[Exercise data — start]

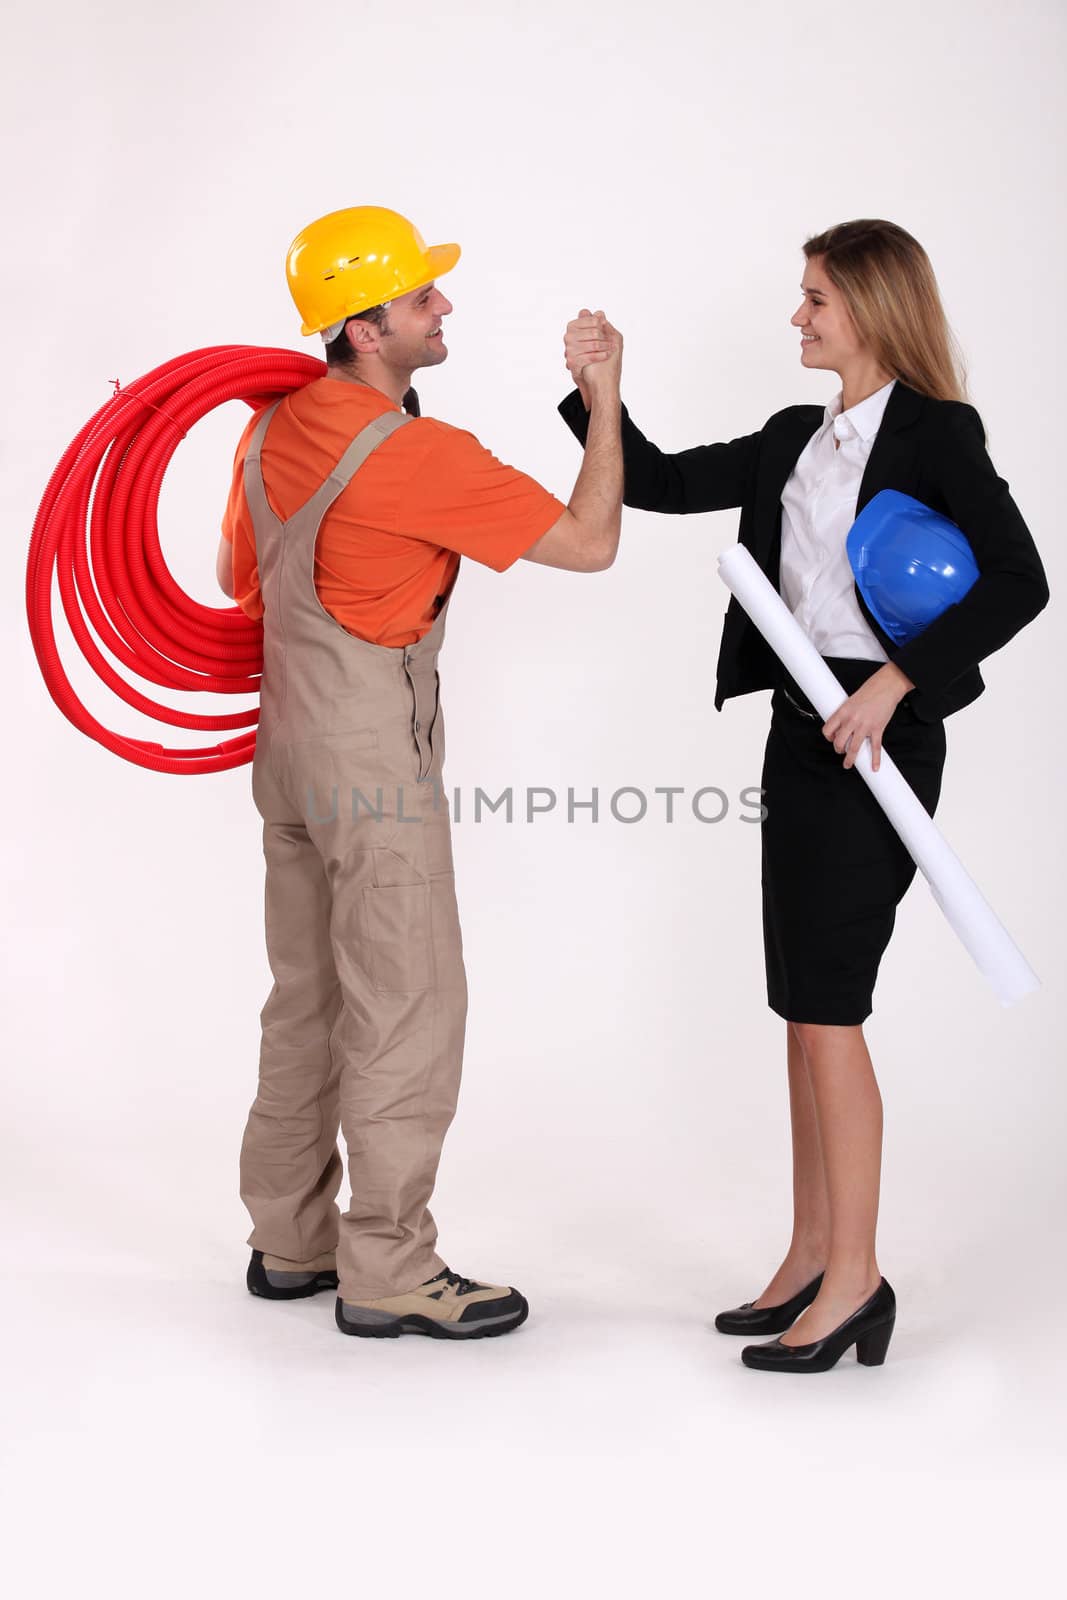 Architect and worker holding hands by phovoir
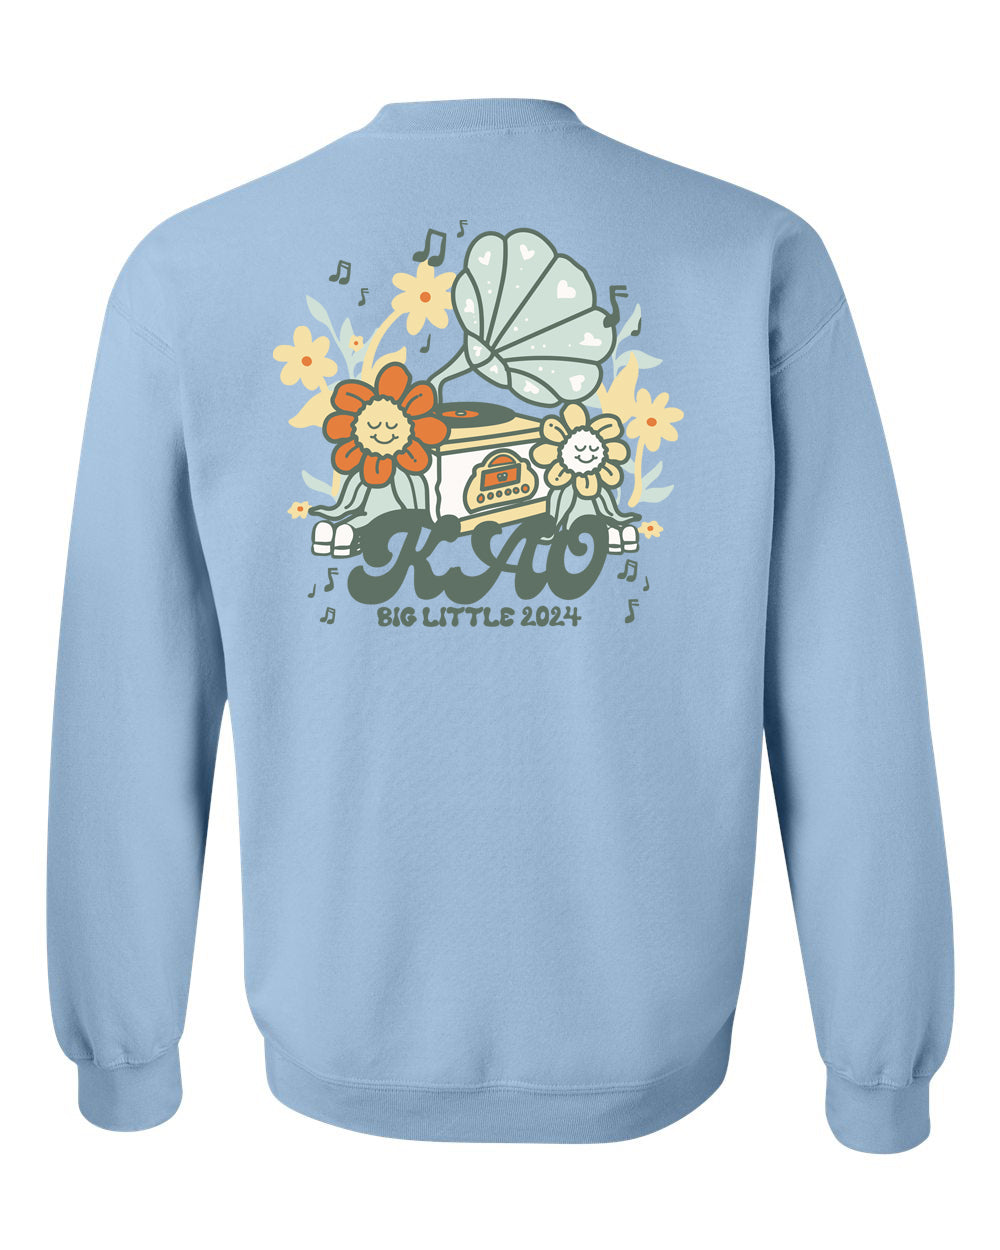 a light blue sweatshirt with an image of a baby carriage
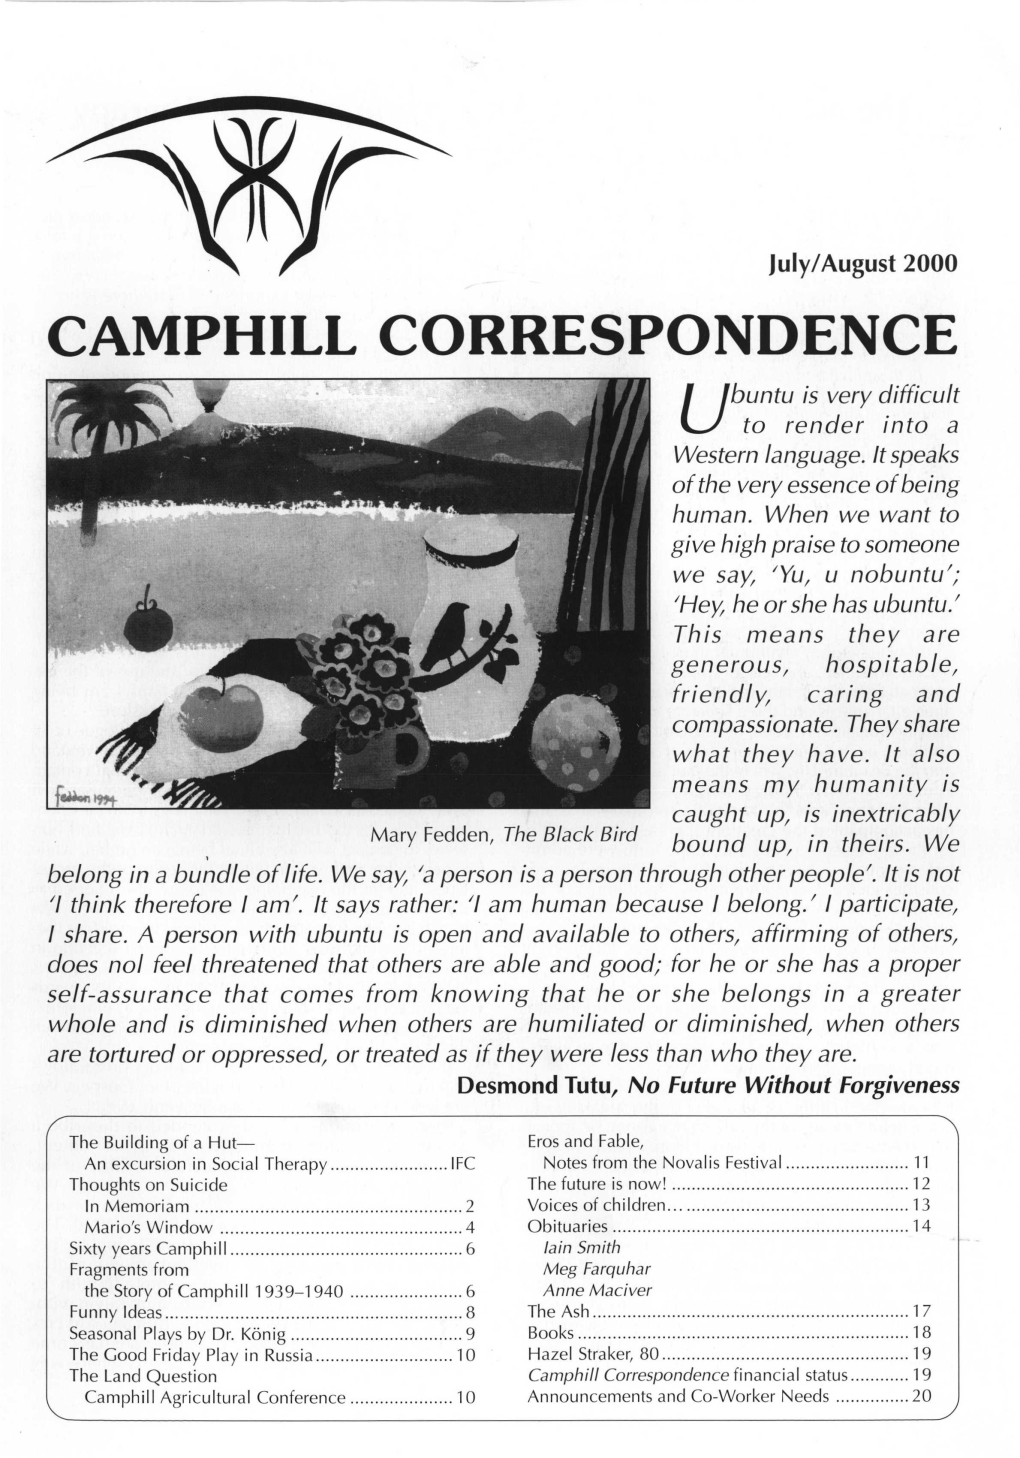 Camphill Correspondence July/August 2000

[Exercise data — finish]

• The problem
Starting from the line that contains "a light blue", transcribe exactly each line down to the final line of the material above, excluding every picture and adding nothing else.

• Your response
 a light blue sweatshirt with an image of a baby carriage
 Camphill Correspondence July/August 2000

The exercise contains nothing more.